The parameters heart rate, cardiac output, SVR and CR time were all compared “Baseline” to “Maximum Provocation” (or “Max Prov.”). With an exception for CR time, Baseline was defined as the average of a 5-min period before the provocation, and the Maximum Provocation was defined as the average of the last measurement period before the provocation ended. For CR time, Baseline was defined as the CR test made before the provocation, and the Maximum Provocation was defined as the last CR test made before the provocation ended.

The blood pressure parameters: systolic, diastolic and MAP, were all compared “Baseline” to “Lowest”. For the blood pressure parameters, Baseline was defined as the average of a 5-min period before the provocation, and Lowest was defined as 30 s before the provocation ended.
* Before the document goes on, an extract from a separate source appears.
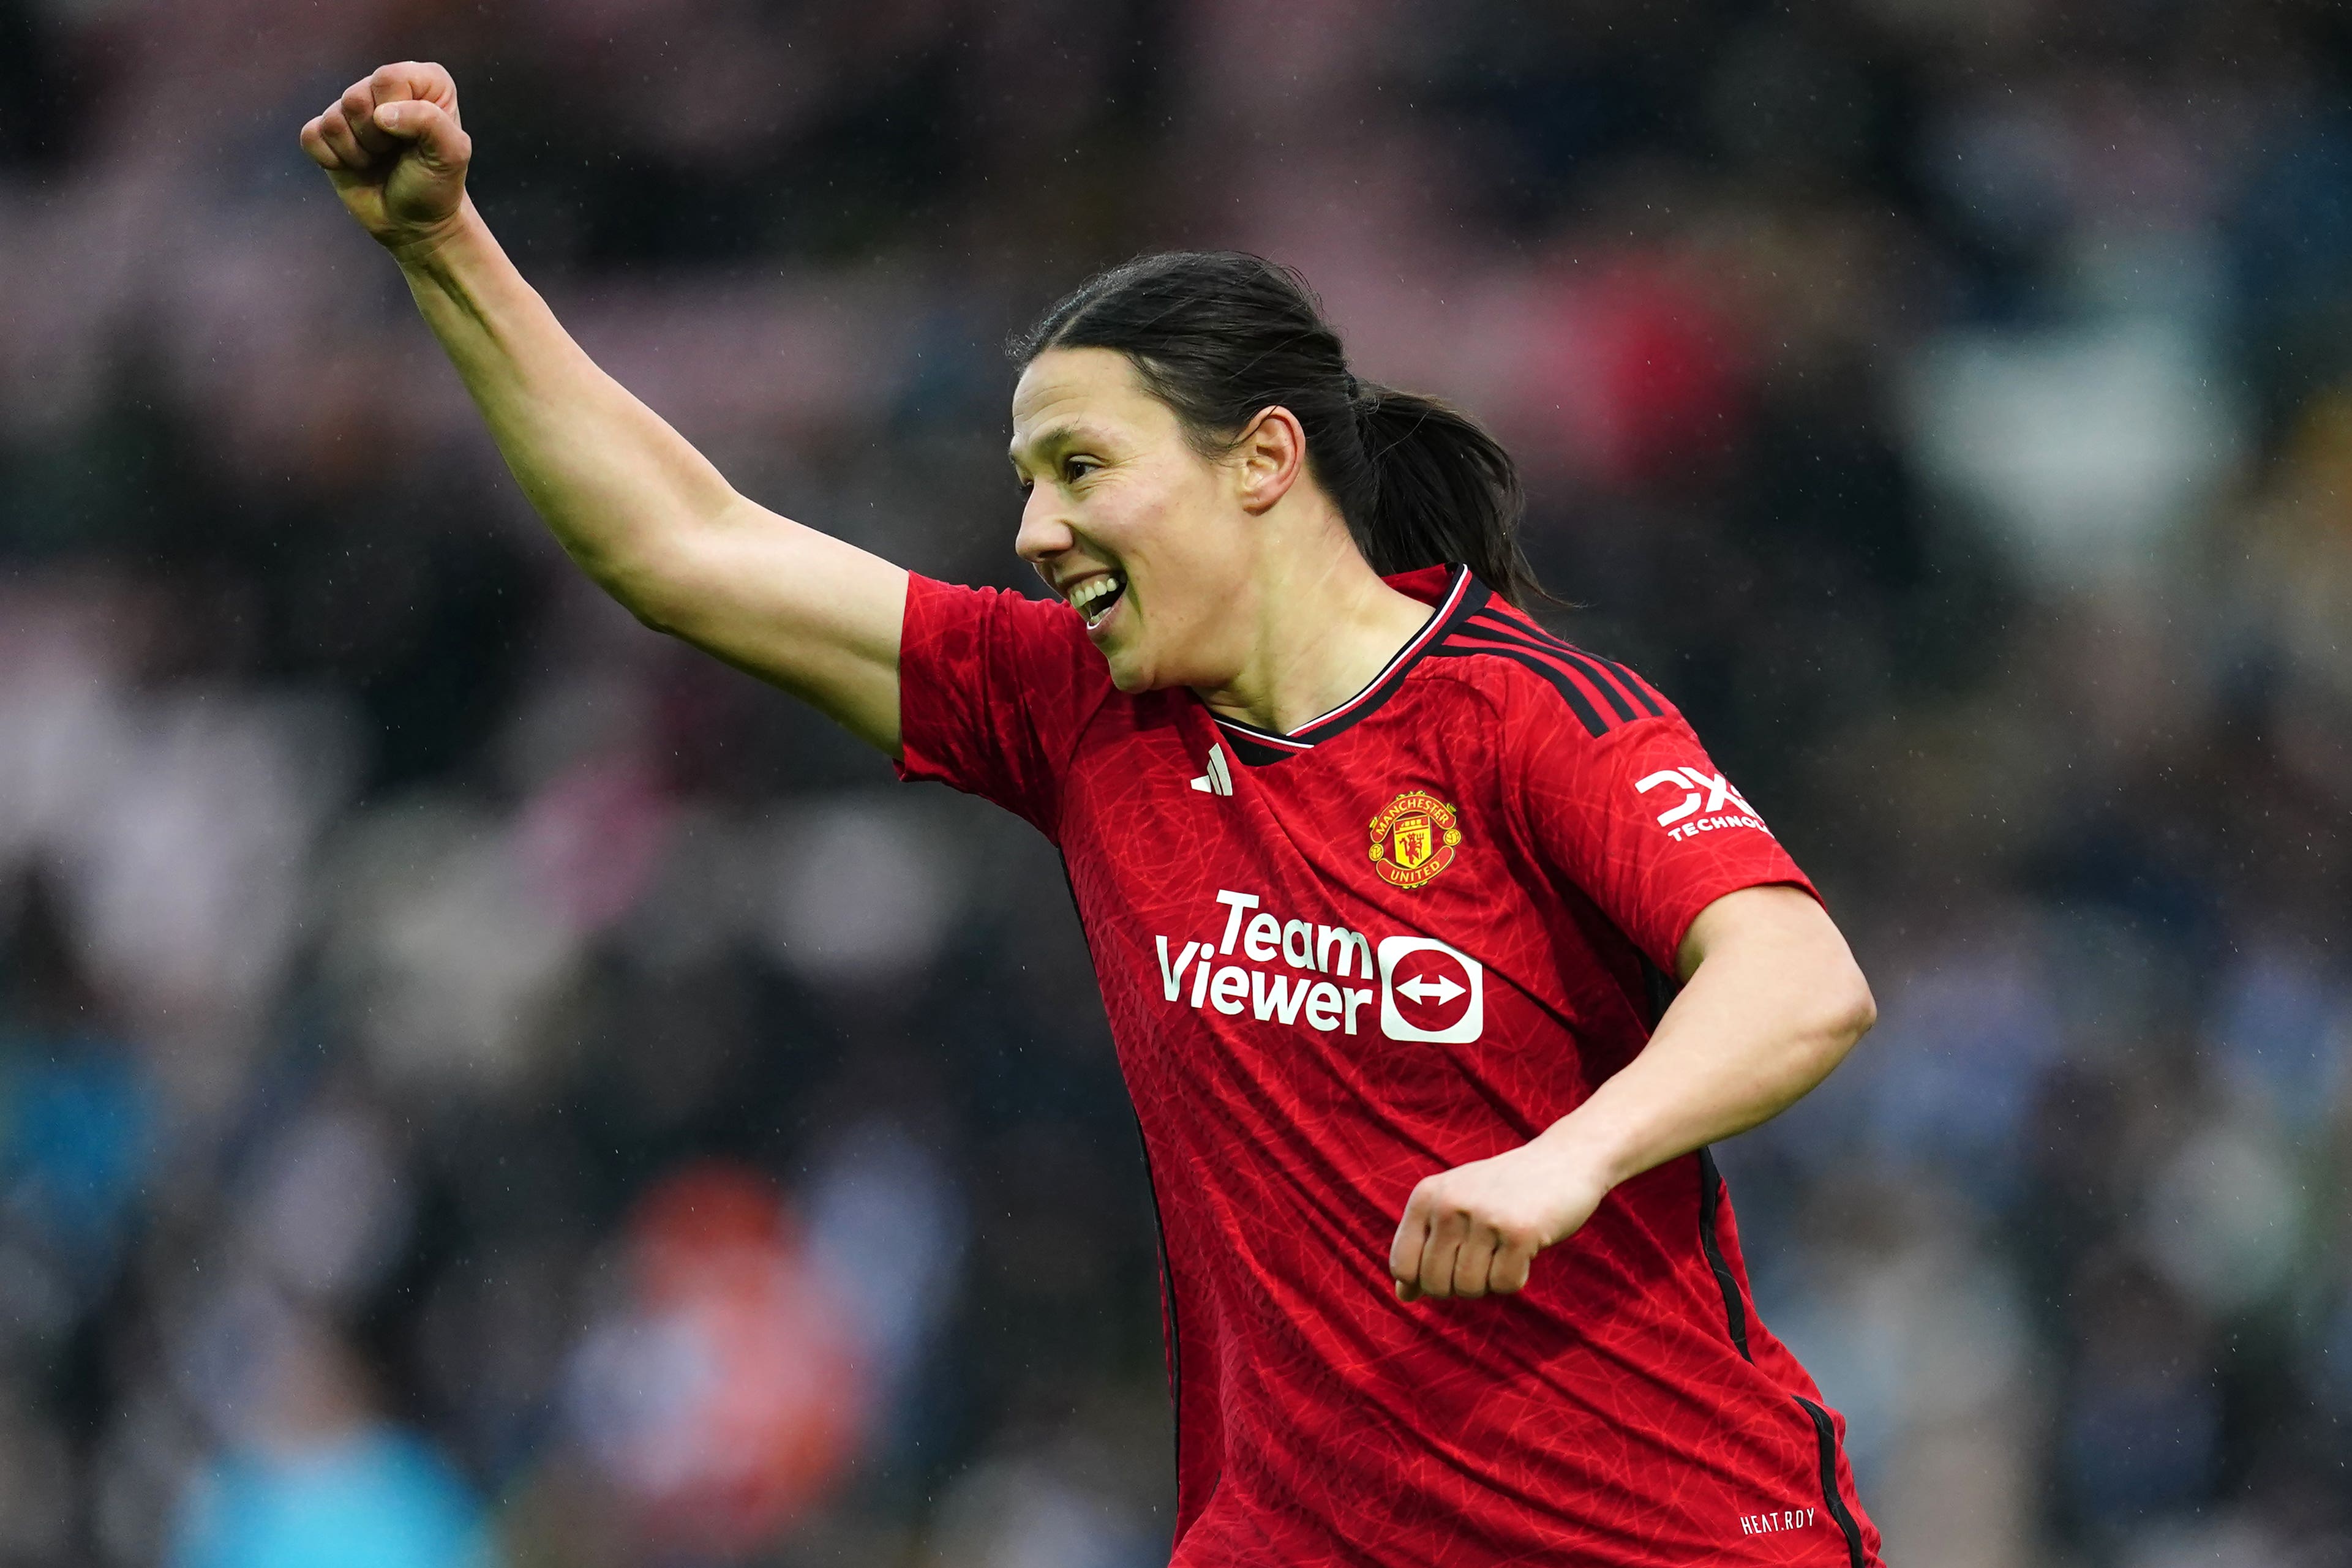 pa ready, birmingham, wembley, super league, notts county, england, rachel williams seeks ‘relief’ on personal mission to win fa cup with man utd
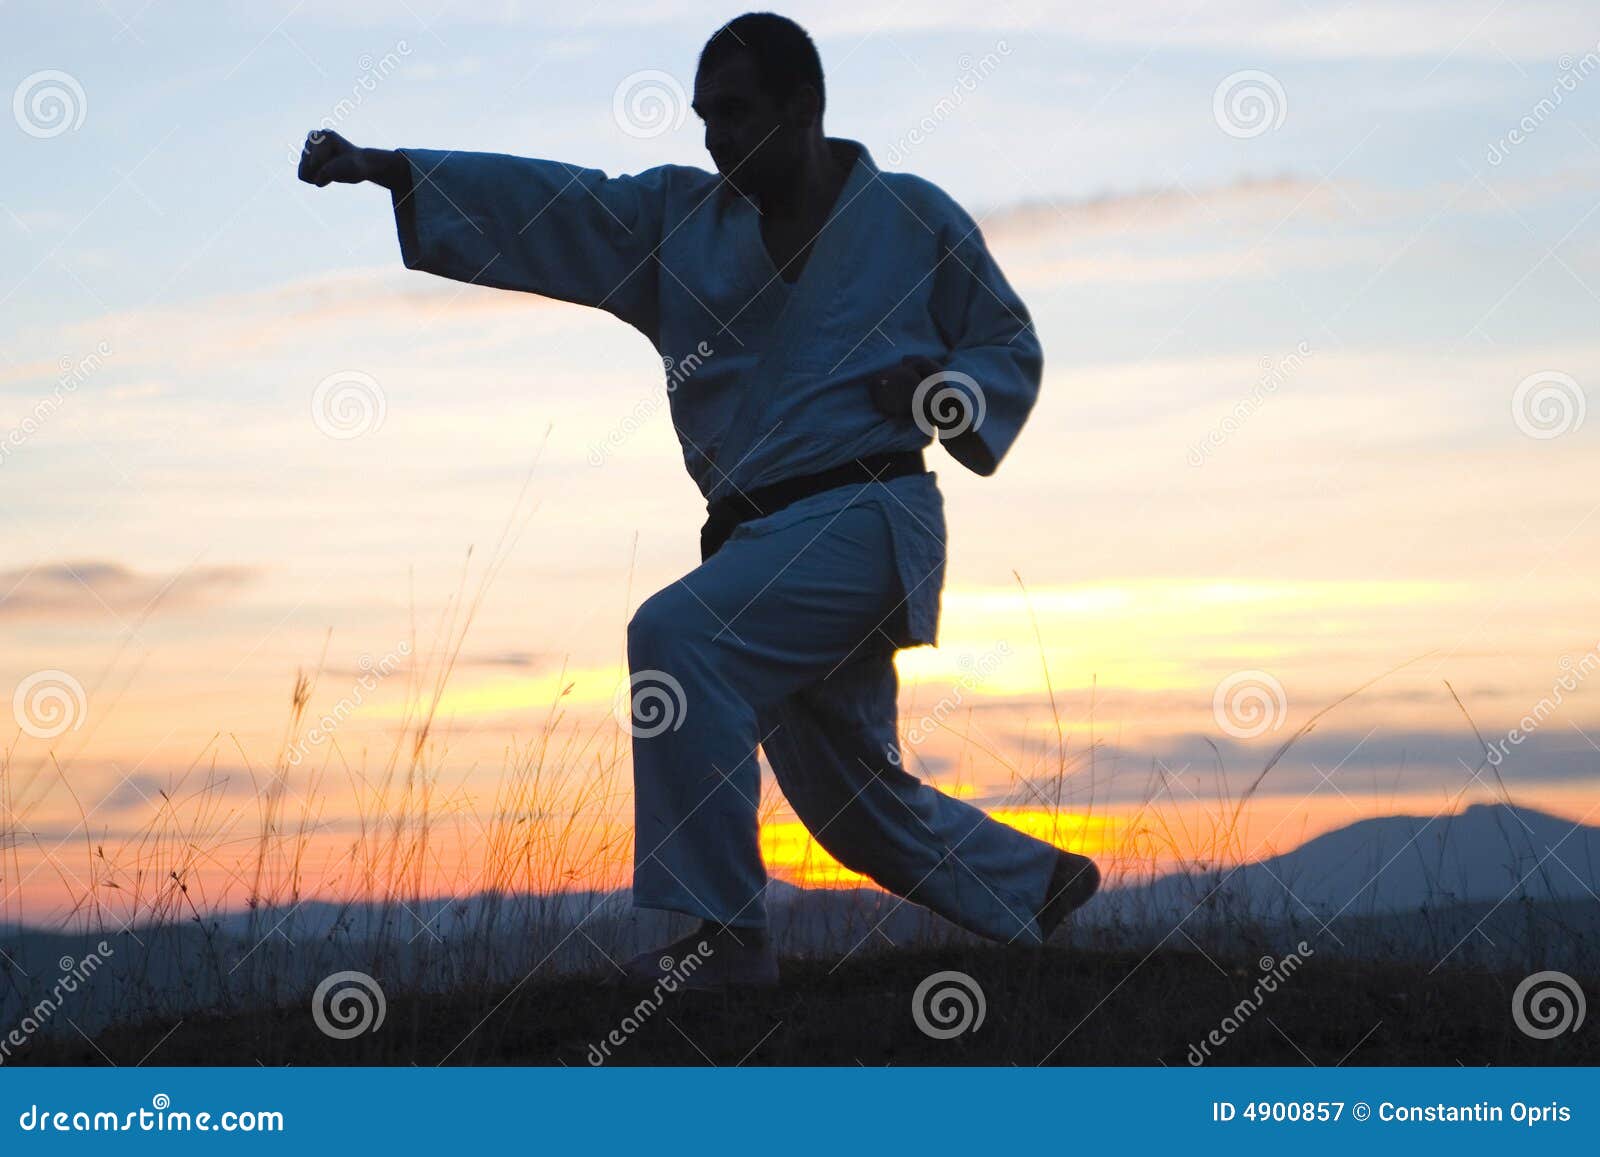 Fighter silhouette stock image. Image of sport, nature - 4900857

The distribution of all data was tested with the Shapiro–Wilk normality test. The Wilcoxon matched-pairs signed rank test was used to analyze if there were significant changes in the investigated parameters, and the Mann–Whitney test was used testing significant differences between groups.

Results

Participants

The Stepwise protocol group consisted of 21 adults (11 women, 10 men) ranging from 18 to 41 years (mean age: 23 years, SD: 5 years), while the Direct protocol group consisted of 21 adults (7 women, 14 men) between 19 to 32 years (mean age: 23 years, SD: 4 years).

Blood pressure reaction

Comparing “Baseline” to the “Lowest” blood pressures measured, most notably, systolic blood pressure decreased on average by about 50 mmHg (40%) during the experiment, while diastolic blood pressure decreased on average by around 20 mmHg (25–30%), and MAP decreased by about 30 mmHg (35%) (Table 1).

Table 1.

Median blood pressure (BP) values with range (min–max), as well as median change in blood pressure and percentual change from the Wilcoxon matched-pairs signed rank test between mean baseline and lowest measured blood pressure during provocation within the protocol groups Stepwise and Direct

Median (min–max) (mmHg) Δ (mmHg) % Δ p-value
Stepwise (n = 21) Systolic Baseline 119 (100–134) − 47 − 39% < 0.0001 ****
Lowest 68 (55–118)
Diastolic Baseline 70 (53–89) − 21 − 30% < 0.0001 ****
Lowest 47 (26–89)
MAP Baseline 91 (71–105) − 33 − 36% < 0.0001 ****
Lowest 55 (35–92)
Direct (n = 21) Systolic Baseline 118 (93–141) − 46 − 39% < 0.0001 ****
Lowest 71 (55–112)
Diastolic Baseline 71 (52–92) − 17 − 24% < 0.0001 ****
Lowest 49 (39–81)
MAP Baseline 86 (67–109) − 28 − 33% < 0.0001 ****
Lowest 58 (44–88)

Both Stepwise and Direct application of LBNP elicited a noticeable blood pressure reaction in most participants. Overall, there were significantly decreased blood pressures (Table 1) of similar magnitude in both protocol groups. During the experiments a general trend was observed, where systolic blood pressure steadily decreased to around 80 mmHg and drastically dropped when subjects reached pre-syncope/syncope state. Diastolic and thus MAP blood pressures also generally decreased in the same manner, however, less dramatically. There was no significant difference in median change in blood pressure changes between the two protocols.

Capillary refill time

There was no significant difference in CR time reaction between the two protocols when the change from baseline CR time to max provocation CR time was compared, allowing the protocols to be combined for this analysis. So, between all participants, median CR times became significantly shorter by 0.2 s (line, Fig. 2) when comparing baseline to max provocation (W = − 395.0, range: − 6.3 to 3.2, IQR − 1.3 to 0.1, P = 0.0070).

Fig. 2.

Fig. 2

A scatterplot of a Wilcoxon matched-pairs signed rank test (** = P ≤ 0.01) between baseline capillary refill (CR) times and CR times at max provocation with data from all participants included (n = 42). Median CR times are portrayed with a full line and mean CR times are portrayed with a staggered line. CR times from Stepwise protocol participants are marked with dots and CR times from Direct protocol participants are marked with squares

However, all participants did not exhibit shorter CR times. Participants exhibited two distinct, phenotype-like, CR time responses: shorter CR times and longer CR times. About two-thirds of participants reacted with shorter CR times, while one-third reacted with longer CR times. This distribution was consistent across both protocols.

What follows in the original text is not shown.